Tomorrow, President Bush shouldn't just emphasize HSAs (which Sen. Kerry, incidentally, opposes). He can map out further reforms that will make health insurance more affordable:
Tax fairness. While employer contributions to health insurance are non-taxable, individuals must pay in after-tax dollars. Leveling the tax field not only makes health care more affordable, it also corrects the employer-based preference, a carry-over from World War II wage-and-price controls.
Out-of-state insurance. State regulations have decimated insurance choices and driven up the cost of coverage in many jurisdictions. Because of this, premiums for similar policies differ widely among the states. In New Jersey, according to the Coalition Against Guaranteed Issue, it now costs more to purchase a family health policy than to lease a Ferrari; while in Connecticut, similar coverage is 80% less expensive. The federal government must allow out-of-state purchases of health insurance.

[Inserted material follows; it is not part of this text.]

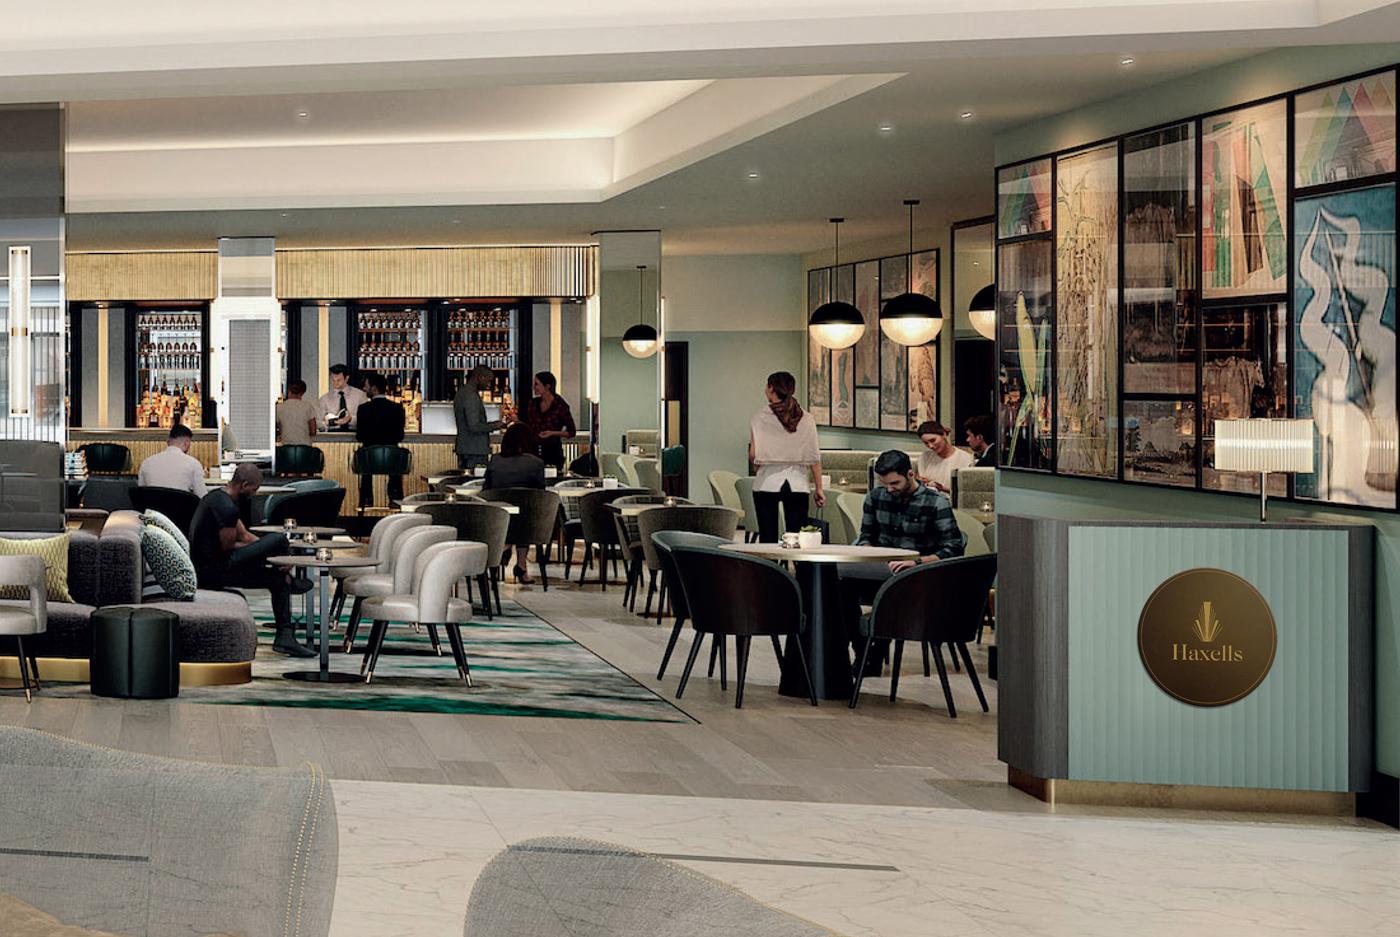 strand palace hotel brand storytelling Haxells restaurant
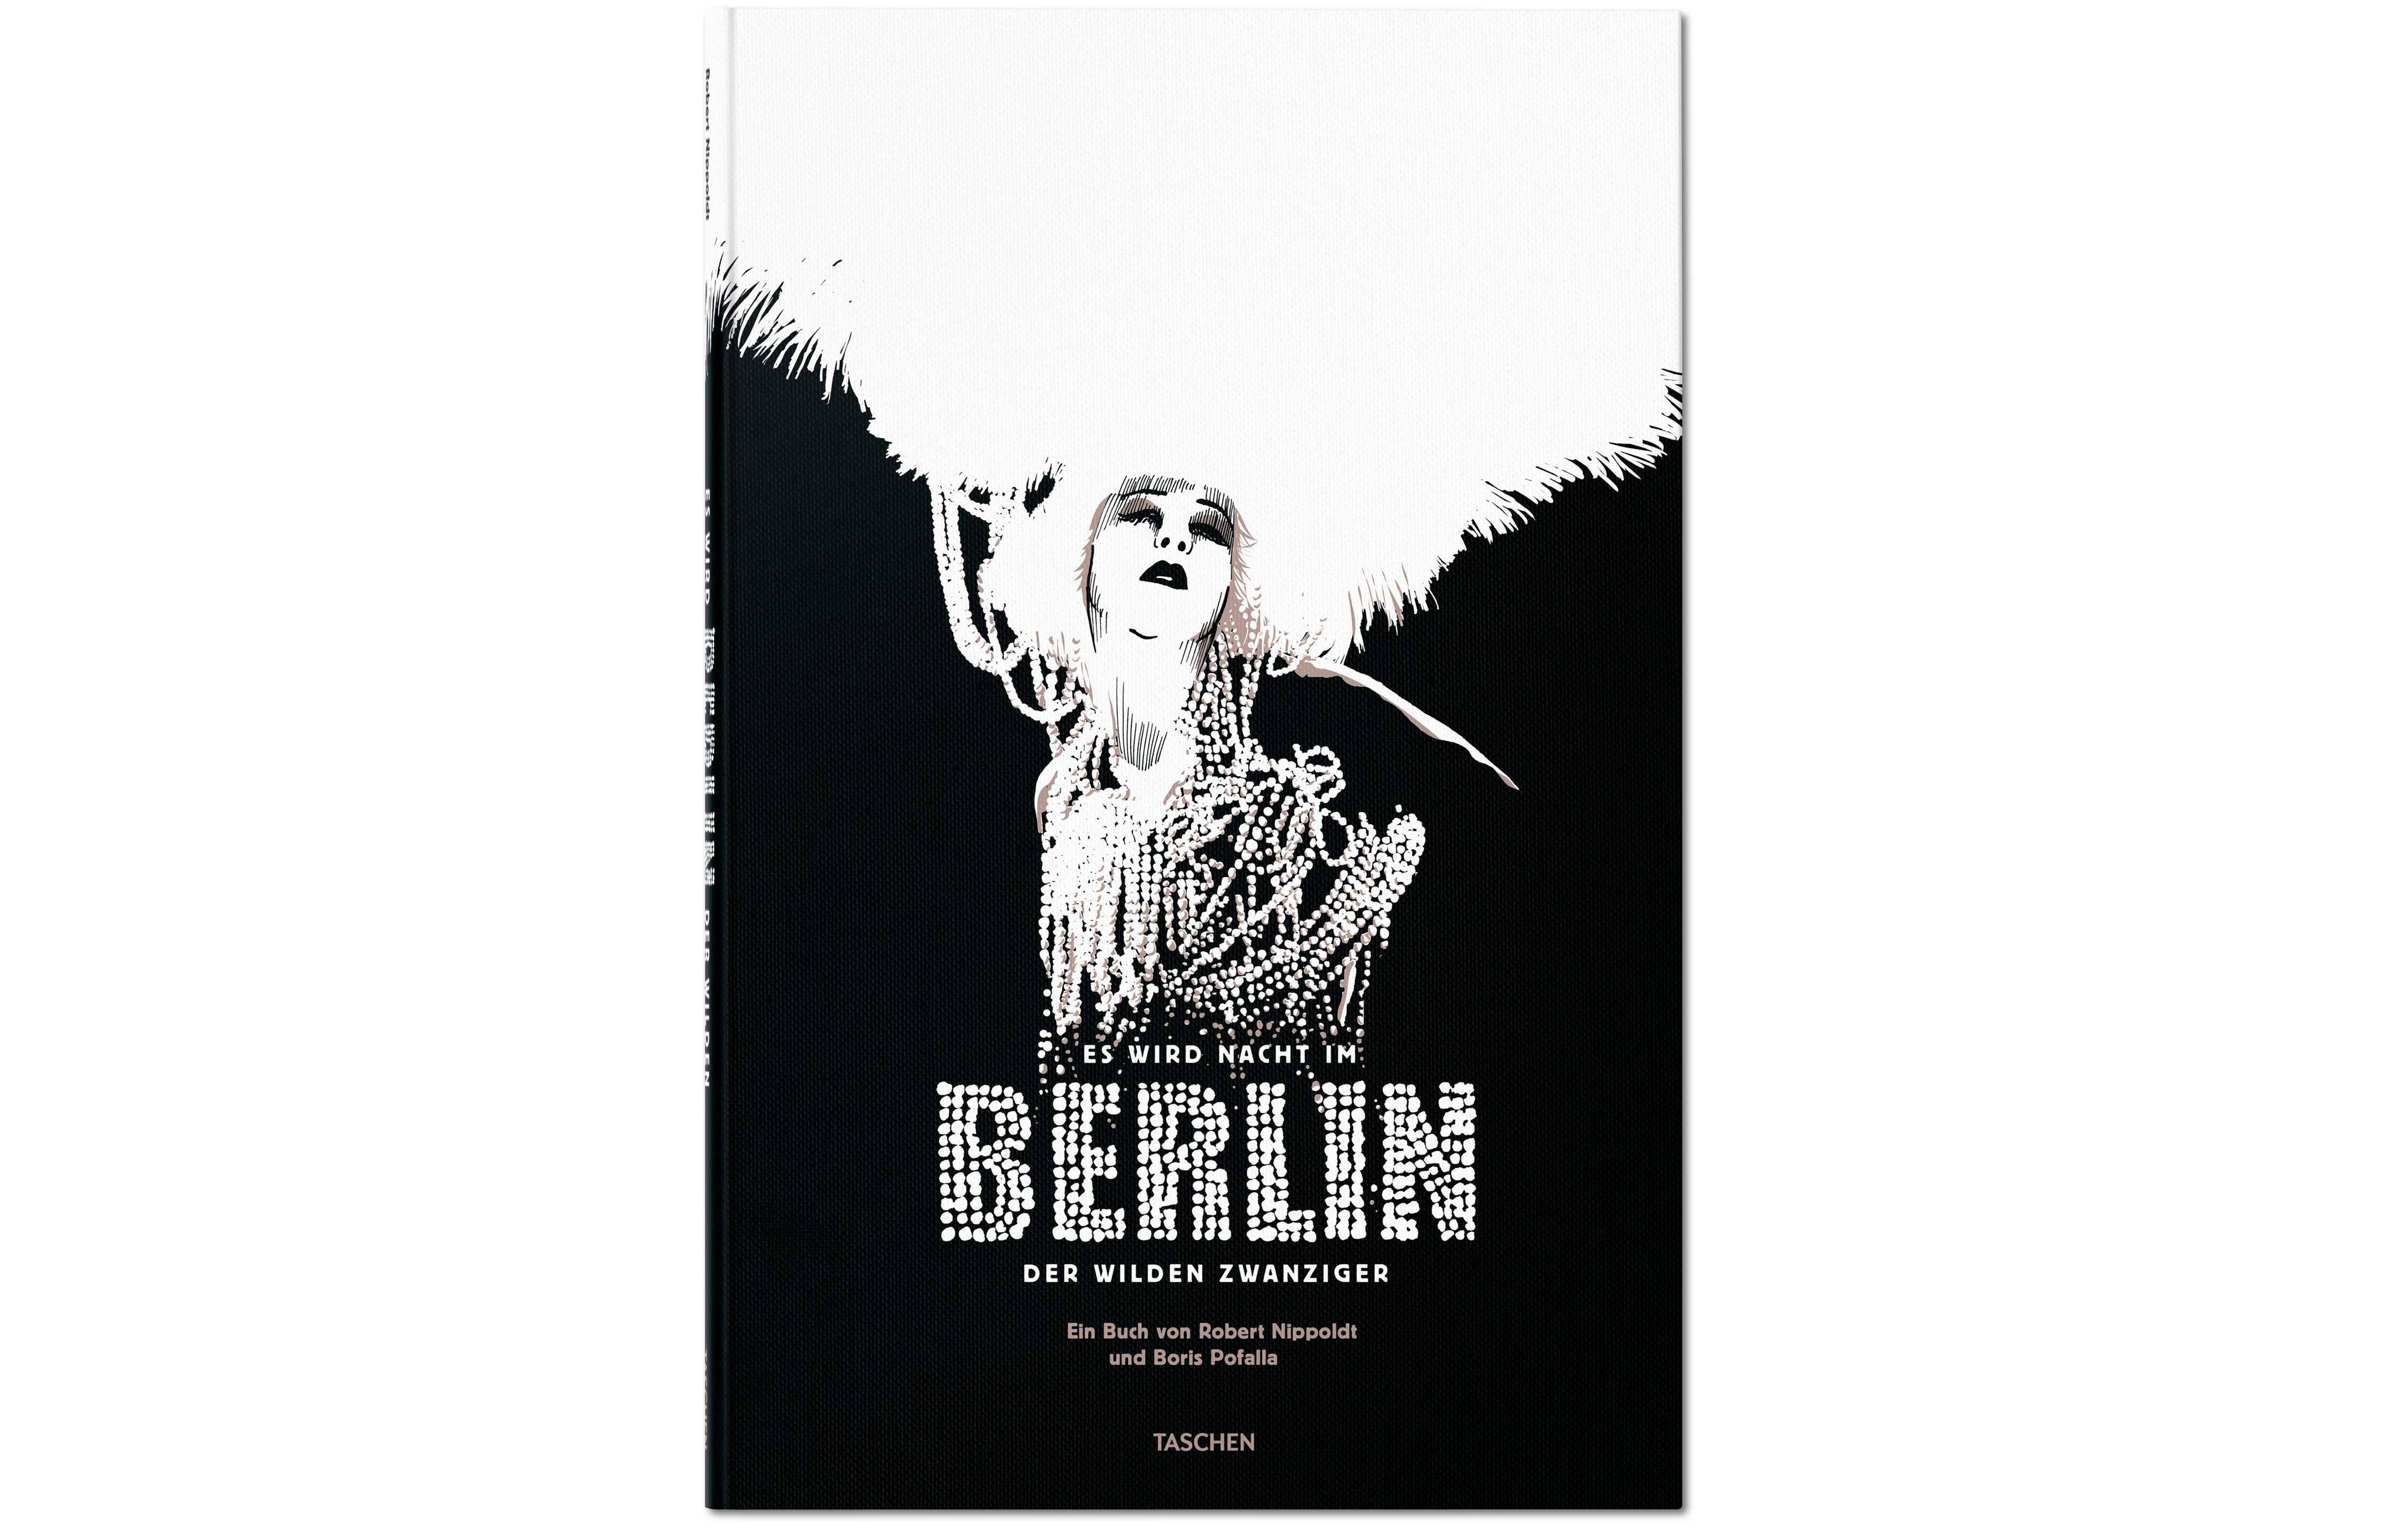 va_nippoldt_Berlin_Cover_01.jpg

Deregulation. Health care is choked by an endless list of regulations and restrictive laws that stifle innovation and result in high-cost, low-satisfaction medicine. Clinics and hospitals must comply with more than 100,000 pages of Medicare regulations. Ownership, FDA, Emtala and antitrust laws have stifled innovation further. Is there a sector of the economy that Washington regulated into efficiency?
President Bush should speak simply and clearly: A decade after Hillarycare, there is an alternative that places Americans, not government bureaucrats, in charge of their own health care. He should emphasize this tomorrow night -- and every other night of the campaign.